4. Use heuristics (rules of thumb) only as a reference. For statistical algorithms, a preferable minimum number of observations is 100 for training (Box and Tiao 1975). ML algorithms require more data than statistical algorithms, so expect to factor this number for at least one order of magnitude.

Options to Increase the Size of the Time Series When Data Is a Limitation

Data augmentation techniques can be used to generate synthetic data to improve the quality and quantity of the data sets. The applicability of such approaches depends on the task type (forecasting or classification). Wen et al. (2021) present a comprehensive survey of data augmentation techniques for TS data classified according to the specific task. The techniques include adding noise (jittering), scaling the data, distorting the time intervals between samples (time-warping), and slicing the data. Implementing these techniques requires understanding all the statistical relationships such as mean, standard deviation (SD), autocorrelation, and the distribution of points over time to avoid altering the data (which would mislead the ML algorithm) or removing essential characteristics from the data. For instance, distorting the time intervals between samples might change the autocorrelation properties of the original time series (Um et al. 2017). Depending on the data set's characteristics and the research's purpose, this could mislead the ML forecast and the interpretations that can be made from it.

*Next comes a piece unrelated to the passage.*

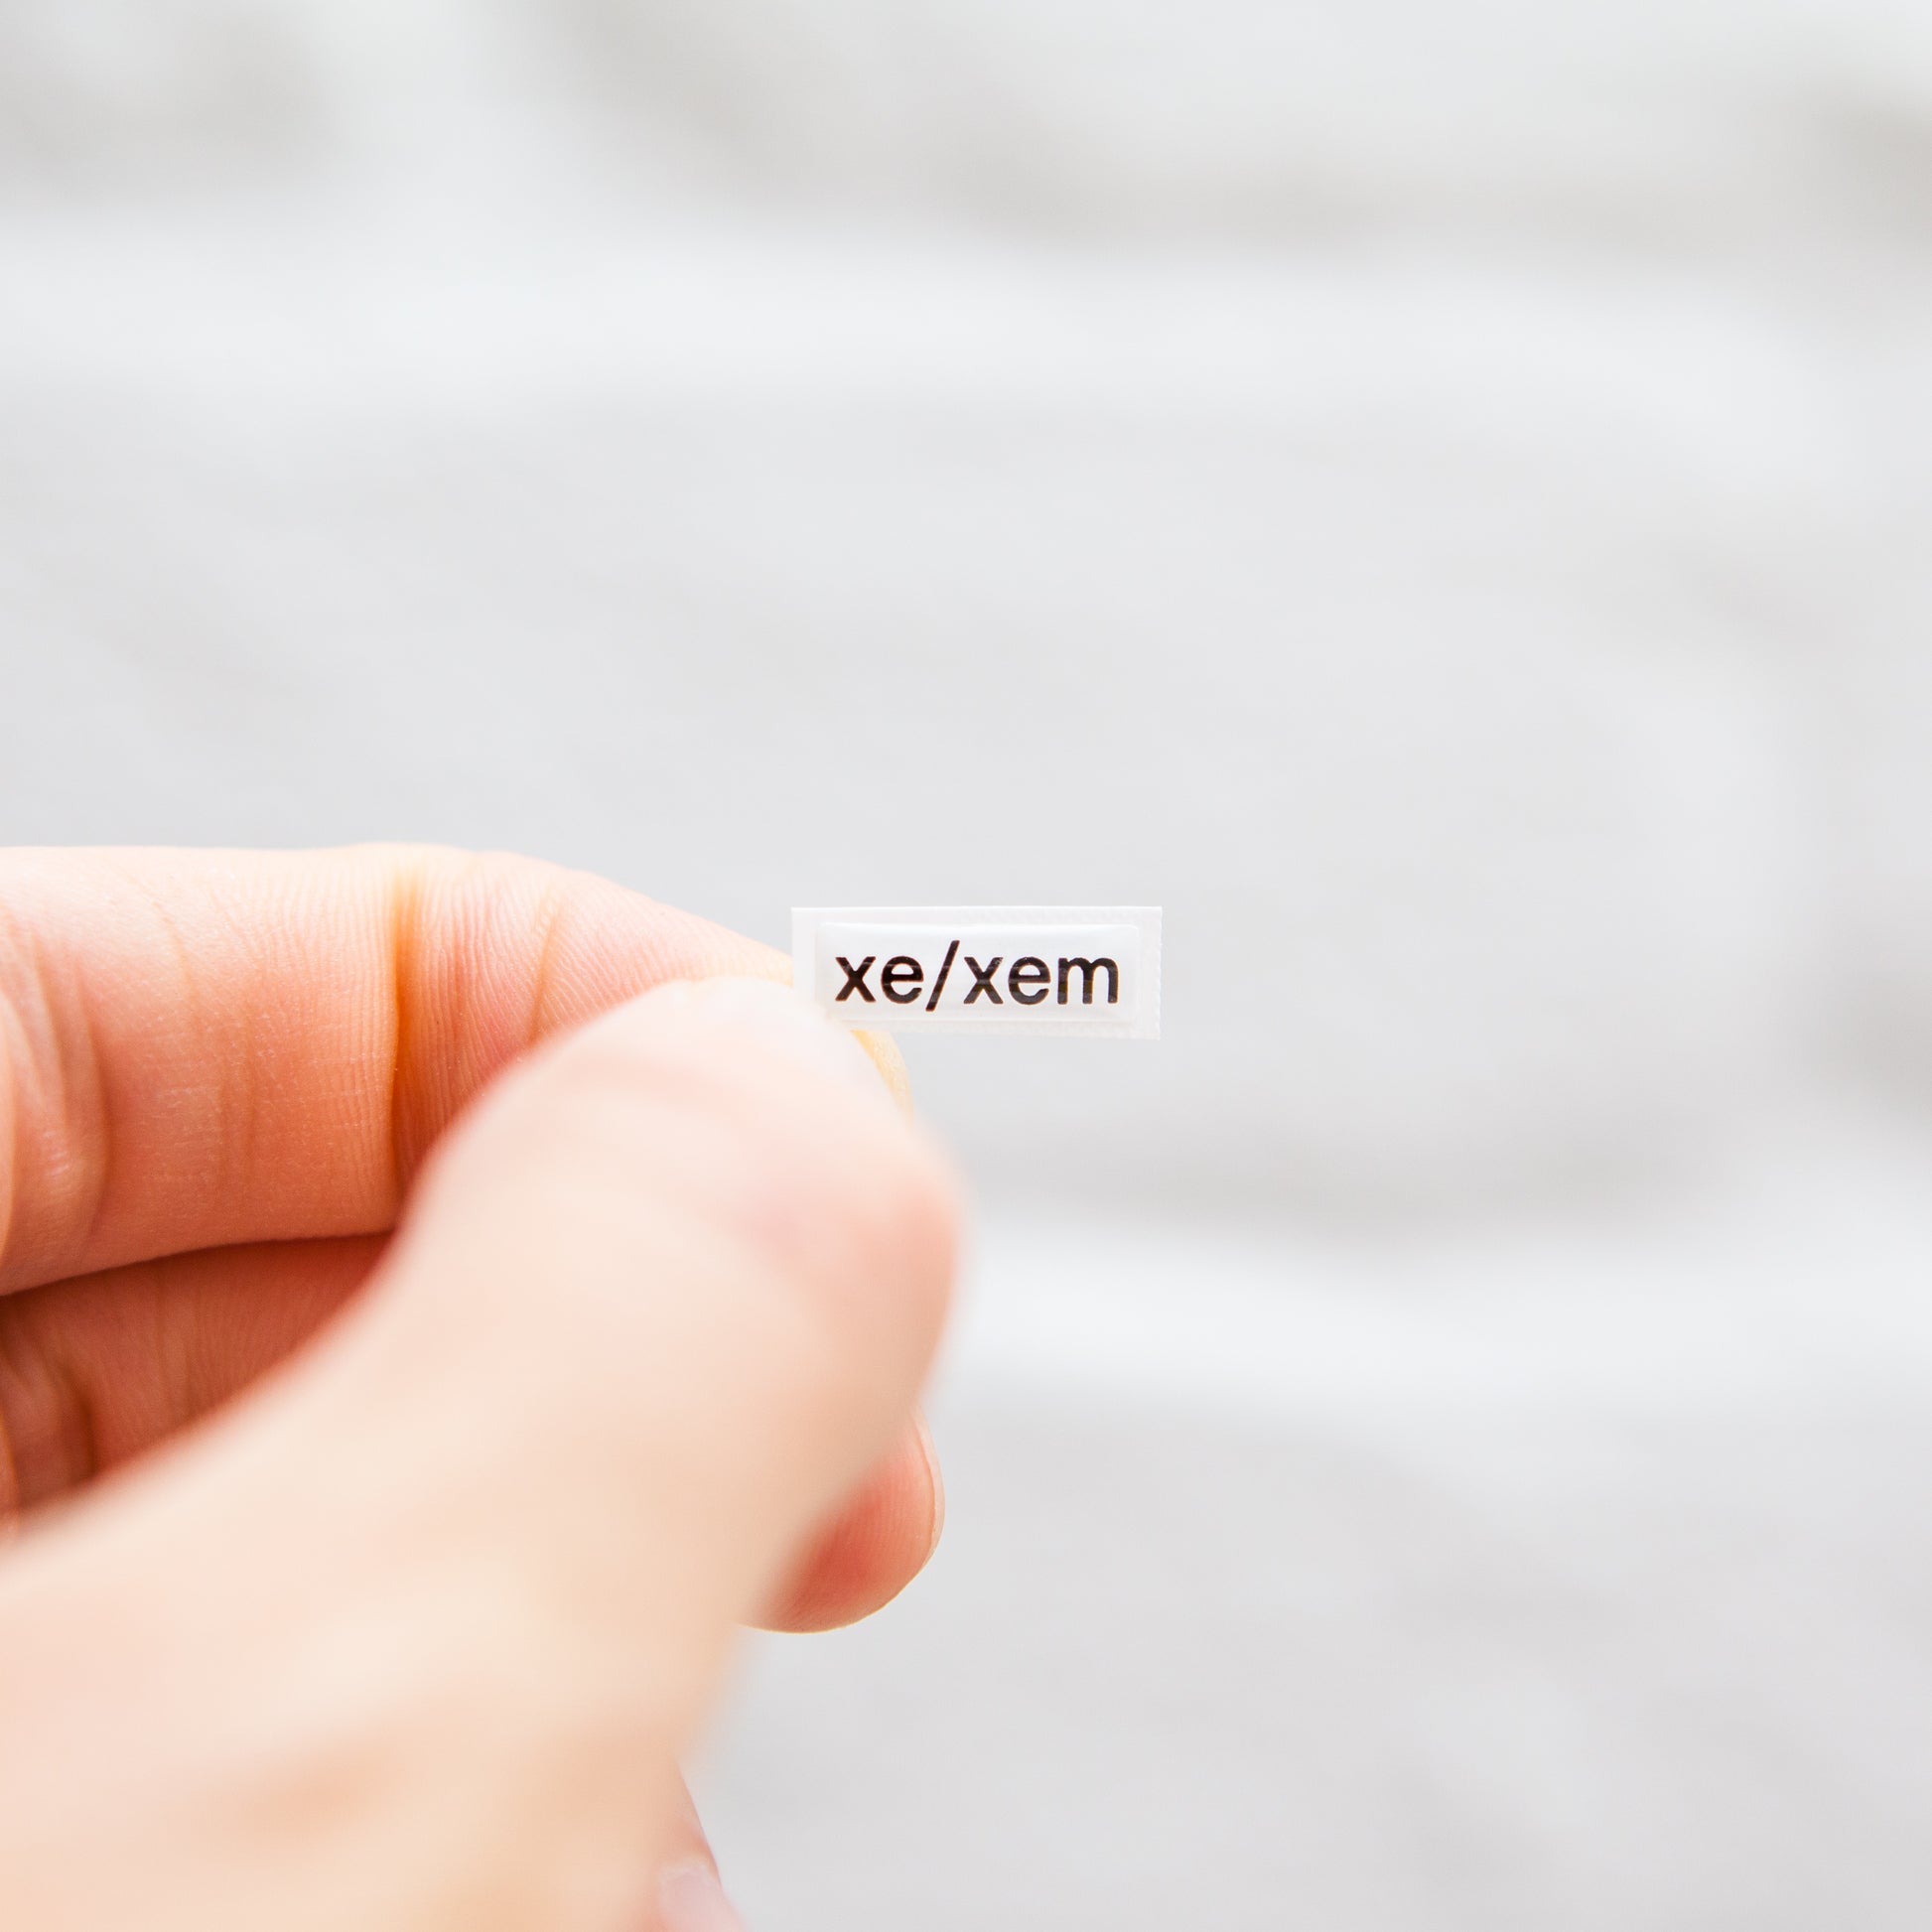 A white sticker with black text displaying xe/xem pronouns, designed for name badges and ID tags. A high-quality pronoun sticker with durable epoxy resin. This pronouns sticker for name badges.

Case Study: Assessing Data Needs for Water Forecasting

In this example, the irrigation management team, consisting of a horticulturist, irrigation specialist, and data analysts, is interested in applying ML to forecast volumetric ion content (VIC) and soil water estimates for the next 24 hours for lettuce, sweet potato, and lemon irrigation. They have been collecting sensor data for four months and want to know whether this data would be enough to train an ML forecasting algorithm that could provide the team with sufficient time to respond to extreme weather events and manage their irrigation.

Data Conditions

Ten soil moisture sensors per crop measured volumetric water content (VWC) and VIC every 15 minutes. The sensors were installed four months ago at the beginning of the season. They have also been continuously collecting physiological data, including chlorophyll content and transpiration rate.

Lettuce

Using expert knowledge, the team horticulturist recommends at least two crop seasons because one lettuce season lasts between 30 and 70 days. In this case, the relationship between crop physiology and soil moisture content is a two-way interaction. The stage of the crop influences the water consumption rate, the soil structure, and the concentration of salts both in the root system and the soil. Thus, the team is confident that the available data would be sufficient to train an ML algorithm. They proceeded with graphing the data and performing an initial TS analysis and visual and statistical assessments of the data, and they found the data still seemed valid. With this quick analysis, they have decided that this data set is potentially usable with ML or deep learning algorithms. Meanwhile, they also recognize the importance of benchmarking the results from ML algorithms to guarantee that the proposed approach improves the current state of the art. Thus, they decided to include a list of algorithms to try a couple of statistical forecasting algorithms.

Sweet Potato

Using expert knowledge, the team concluded the data might not be enough, as one sweet potato season ranges between three to five months. However, they acknowledged the high frequency of data collection (15 minutes) that gives them around 11,500 data points per sensor. In this scenario, the data size could be worth trying (with the caveat that the complex models could tend to overfit). Thus, after using visual judgment and performing statistical analysis of the data, they decided not to discard the idea of using ML; however, they understood that they would have to limit the model's scope to represent primarily short- and middle-term variations. Also, they decided to use algorithms such as XGBOOST and Light-XGBOOST (Chen and Guestrin 2016). From a literature review, the team found evidence that these algorithms perform well in TS forecasting tasks without requiring massive data sets. They realized that testing the model's accuracy with unseen data would not be possible until additional data was collected. For this case, ML cannot be implemented; however, classical statistics might be an option.

Lemon

Using expert knowledge, the team concluded that the data is not enough because a lemon season can last three years after planting. Thus, the team decided not to use ML algorithms for their project. Although the option of data augmentation to generate synthetic data seems viable in this case, the team decided to collect at least one year of data to better understand the interaction between water management and physiological responses for this crop.

Concluding Remarks

ML algorithms are data-driven approaches whose performance highly depends on the amount of data available. However, data can often be limited in many projects. To obtain meaningful predictions, it is essential to consider multiple factors, including data granularity, complexity, and the complexity of the ML algorithm. This publication provides a set of steps for practitioners, researchers, and any scientist interested in developing projects using ML, particularly for TS data. This set of steps includes using expert knowledge, visual and statistical tools to characterize the TS, classical statistical approaches to benchmark the ML algorithms, and rules of thumb as a first filter to determine whether there is enough data. When data is a limitation, other approaches, including data augmentation, can be used as alternatives.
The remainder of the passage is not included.